Но есть и плохая новость. О ней-то я и думаю в тот момент, когда слышу за спиной тихие шаги по ковру.
— Эл?
— Да.
— Что ты делаешь в темноте?
— Не спится.
— Что-то случилось?
— Ничего особенного.
— Тогда почему не ложишься?
— Я просто обдумываю кое-что.
Становится тихо. Я уже думаю, что Джулия ушла, но она здесь.
— Это связано с заводом? — спрашивает она. — Да.
— Но я считала, что все наладилось, — говорит она. — Что-то не так?
— С себестоимостью деталей, — отвечаю я.
Она садится возле меня:
— Может, расскажешь?
— Тебе правда интересно?
— Да.
И я ей рассказываю, что себестоимость деталей, похоже, выросла из-за увеличения количества наладок, которое было вызвано уменьшением размеров партий.
— Да? Это, наверное, не очень хорошо, — говорит Джулия.
— С точки зрения «политической» — плохо, а с точки зрения финансовой — никакой разницы нет.
— Как это? — спрашивает она.
— Ну… Знаешь, почему создается впечатление, что себестоимость выросла?
— Понятия не имею.
Я встаю, чтобы включить свет и взять бумагу и карандаш.

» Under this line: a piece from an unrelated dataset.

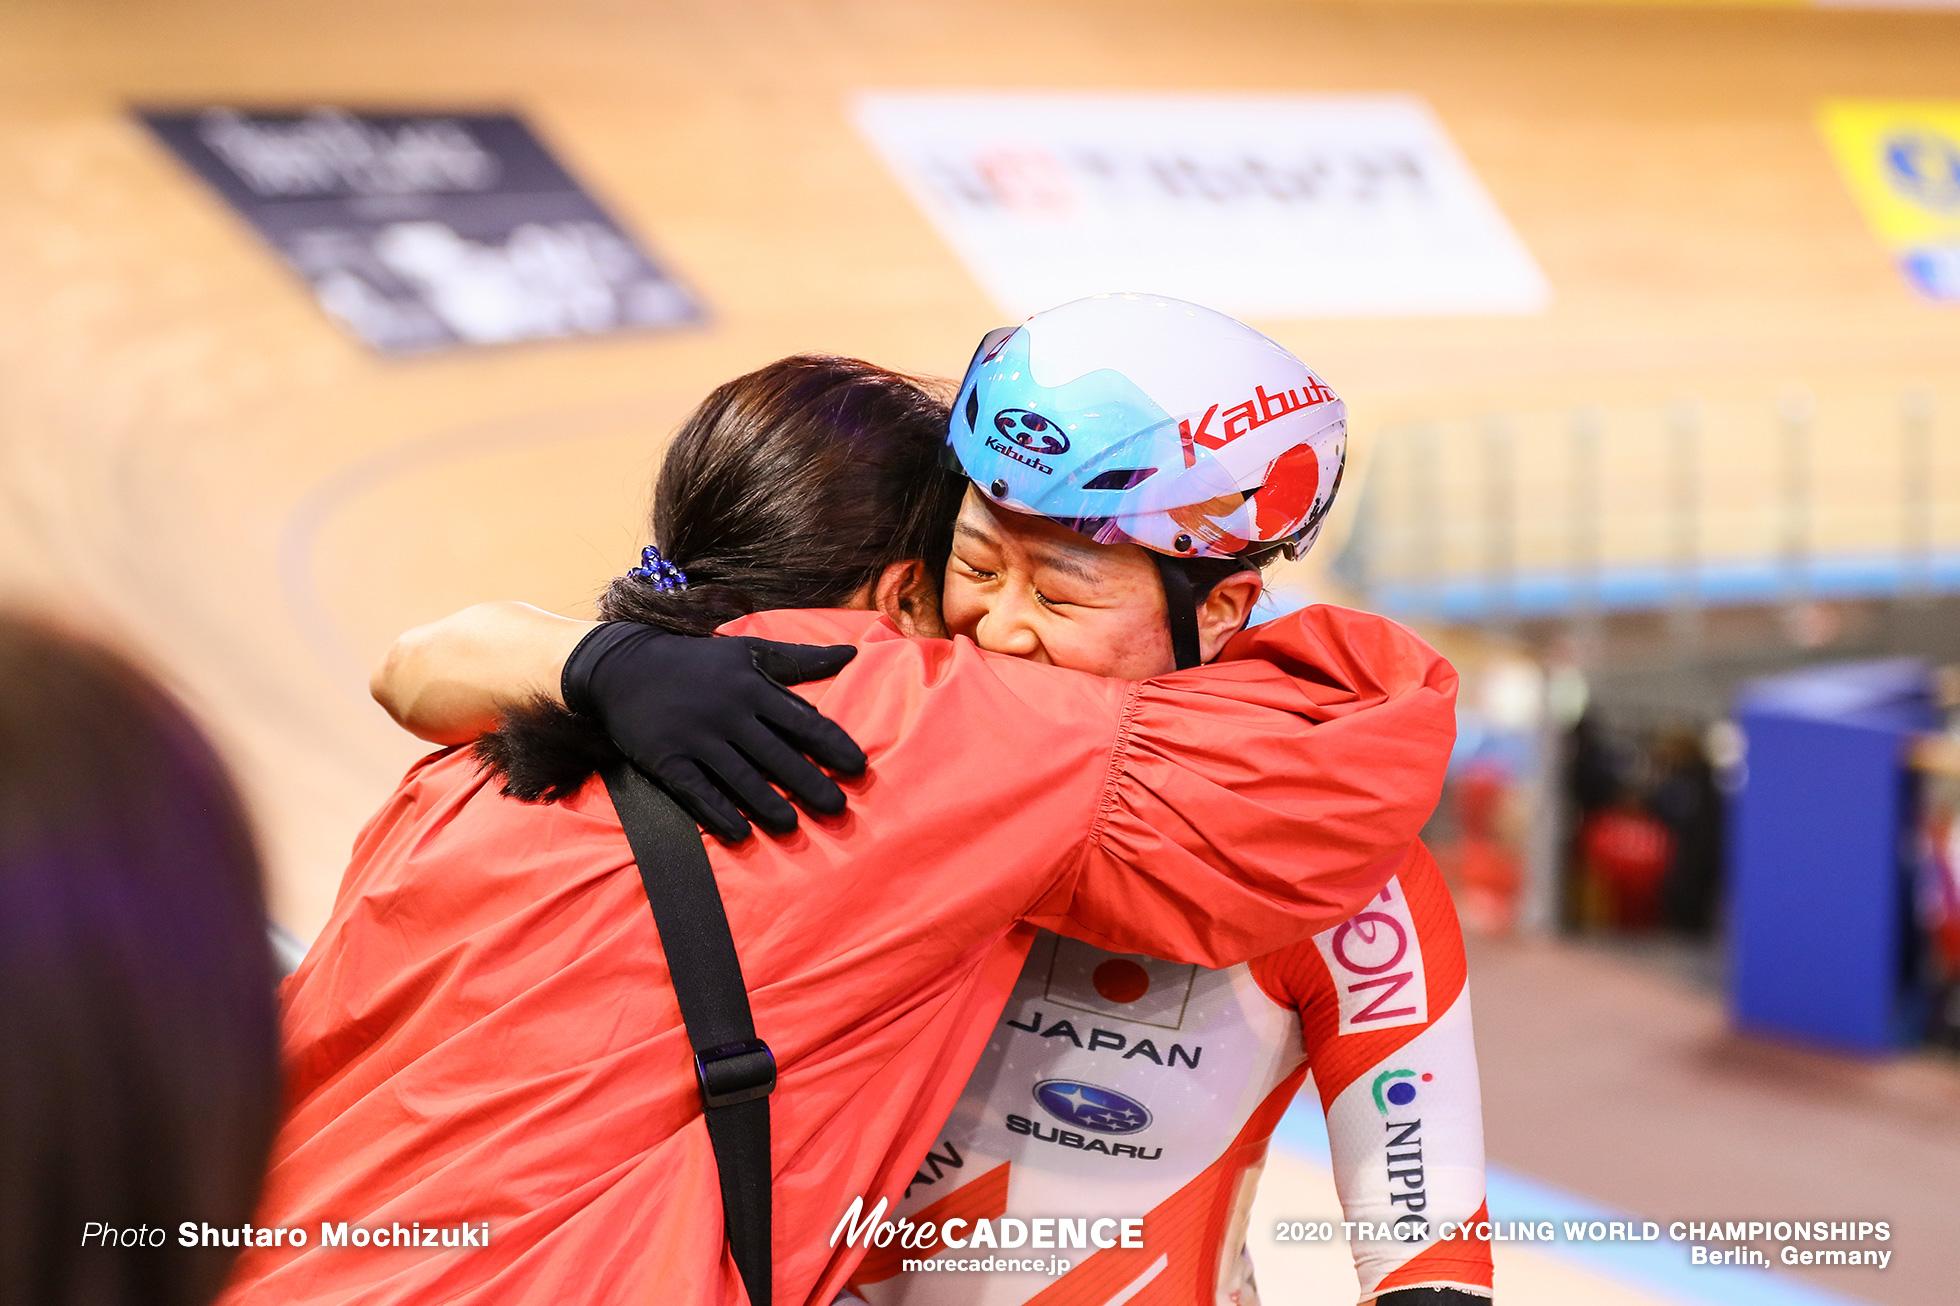 Point Race / Women's Omnium / 2020 Track Cycling World Championships, Kajihara Yumi 梶原悠未

— Я тебе приведу пример, — говорю я. — Предположим, у нас есть партия из 100 деталей. Время наладки станка для работы с этими деталями составляет 2 часа, или 120 минут. Время обработки одной детали равняется 5 минутам. Таким образом, наши инвестиции времени в каждую деталь составляют 5 минут плюс 2 часа наладки, поделенные на 100. Получается 6,2 минуты на деталь. Таким образом, по правилам бухгалтерии, себестоимость детали включает в себя, помимо прочего, 6,2 минуты «живого» труда. Если же мы наполовину уменьшим партию деталей, время наладки останется прежним. Но оно делится уже на 50 деталей, а не на 100. Теперь мы имеем 5 минут времени обработки плюс 2,4 минуты наладки в расчете на одну деталь — итого 7,4 минуты «живого» труда.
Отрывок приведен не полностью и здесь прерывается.